From the organizers, received 5-22-14:



> There will no charge for the non-commercial wines. We may be reaching a point where we have to have a nominal fee, but that would be next year at the soonest.
> 
> Now you can do us a favor and get the word out that we will be having both a commercial and non-commercial wine eval.
> 
> The entry forms will be posted on website below by the end of this weekend. You can download your forms as you need them.



I'd say this is one forum members might want to support.


----------



## Boatboy24 (May 22, 2014)

jswordy said:


> From the organizers, received 5-22-14:
> 
> 
> 
> I'd say this is one forum members might want to support.



Oh, I'm all over this one! Thanks Jim!


----------



## franki1926 (May 22, 2014)

no fee is nice, any tasting notes ?


----------



## jswordy (May 22, 2014)

franki1926 said:


> no fee is nice, any tasting notes ?



You'll have to ask them. Most of the judge's notes I've received back from paid contests are garbage anyway, IMHO. That has been extremely disappointing to me.


----------



## Boatboy24 (Jun 17, 2014)

Heard back with a few more details. Here's what I got:

"There is no entry fee for amateur wines. Entry forms are on the the FBV website sited below. Go to the website and follow the directions. The form is actually located at the end of the Wine Evaluation section. Cut and paste the form and print as many as you need. We try to give tasting notes and usually do. We feel so strongly about that that we are planning a winter event where winemakers may submit wines for our evaluators to taste and then they will have direct contact with a member of FBV to give them feedback."

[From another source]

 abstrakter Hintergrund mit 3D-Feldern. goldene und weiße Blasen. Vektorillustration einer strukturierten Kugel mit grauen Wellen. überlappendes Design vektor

The site with the entry forms is http://www.frenchbroadvignerons.org/WineEval2.html 

The amateur form is at the bottom of the page. This sounds like it could be a nice competition, and the price is certainly right. He is going to get back to me later today or tomorrow regarding whether or not kit wines can be entered.


----------



## Boatboy24 (Jun 17, 2014)

> Kit wines are not an issue. So do your thing.



Kits are cool!


----------



## fabrictodyefor (Jun 17, 2014)

Is WY considered in the Appalachian region??? Ok, guess I'm just a few miles out of the way.


----------



## Boatboy24 (Jun 18, 2014)

fabrictodyefor said:


> Is WY considered in the Appalachian region??? Ok, guess I'm just a few miles out of the way.

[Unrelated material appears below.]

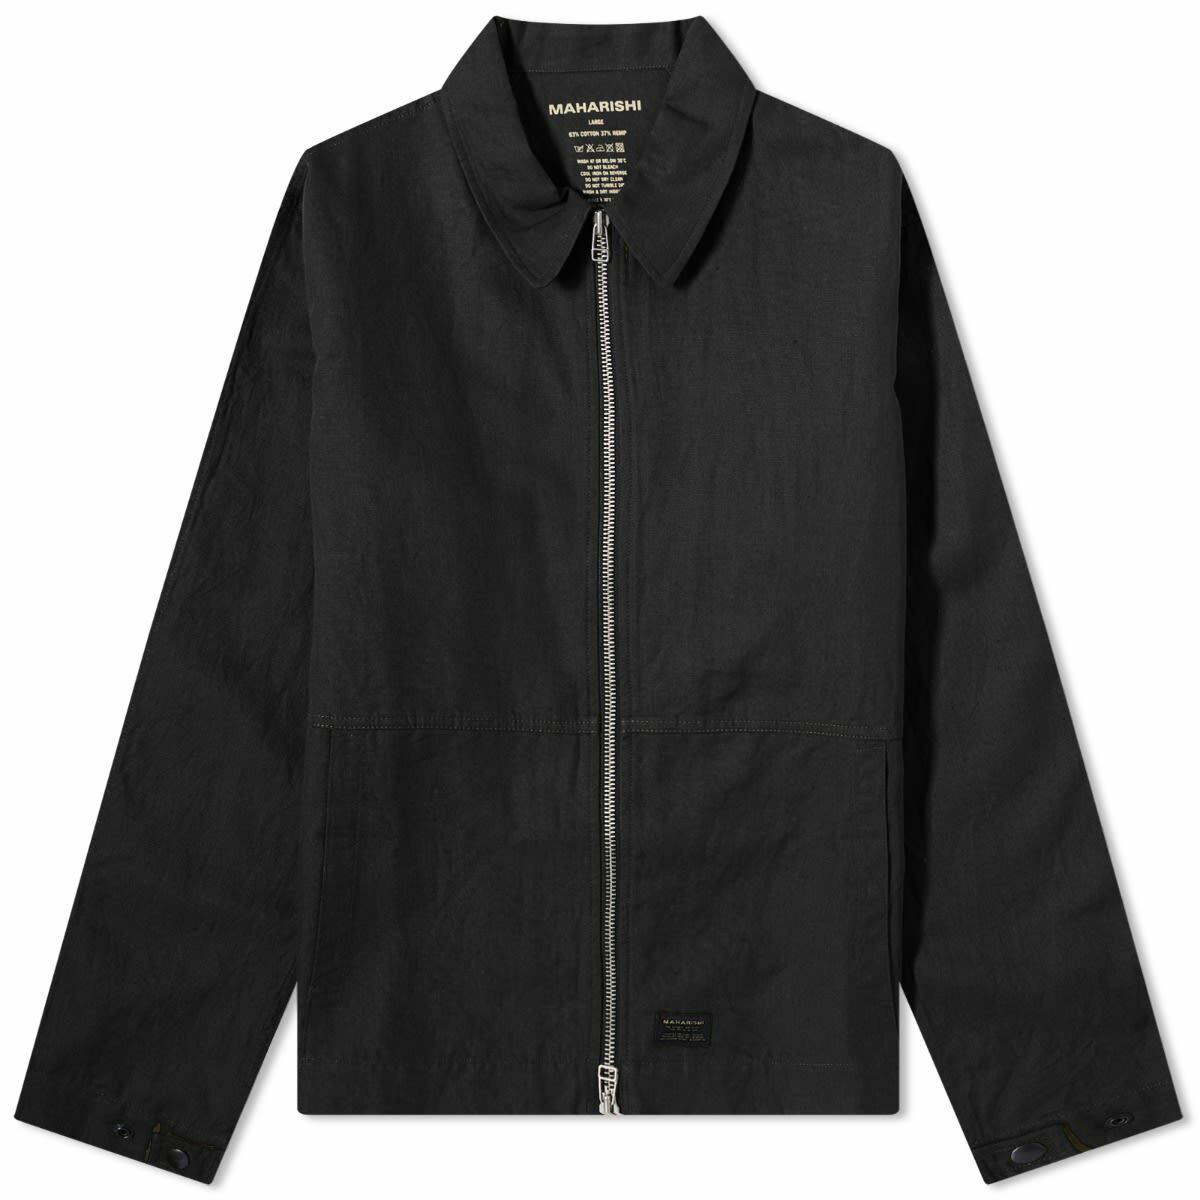 Maharishi Men's MILTYPE Deck Jacket in Black Maharishi

I don't think location matters for the amateur wines.


----------



## fabrictodyefor (Jun 18, 2014)

It does say, "Winemakers must reside in NC or the Appalachian Region to enter". A great opportunity though for those that live in the area.


----------



## Boatboy24 (Jun 18, 2014)

fabrictodyefor said:


> It does say, "Winemakers must reside in NC or the Appalachian Region to enter". A great opportunity though for those that live in the area.



Good catch.


----------



## sour_grapes (Jun 18, 2014)

fabrictodyefor said:


> Is WY considered in the Appalachian region??? Ok, guess I'm just a few miles out of the way.



Here's what you do: You hand-write the entry form, and when you write "WY," just shorten the descending part of the "Y." They will assume it was "WV" (which obviously puts you in the Appalachian region)!


----------



## asterof (Jun 26, 2014)

*On Site*

Do you need to be at the festival site in order to win or get recognition


----------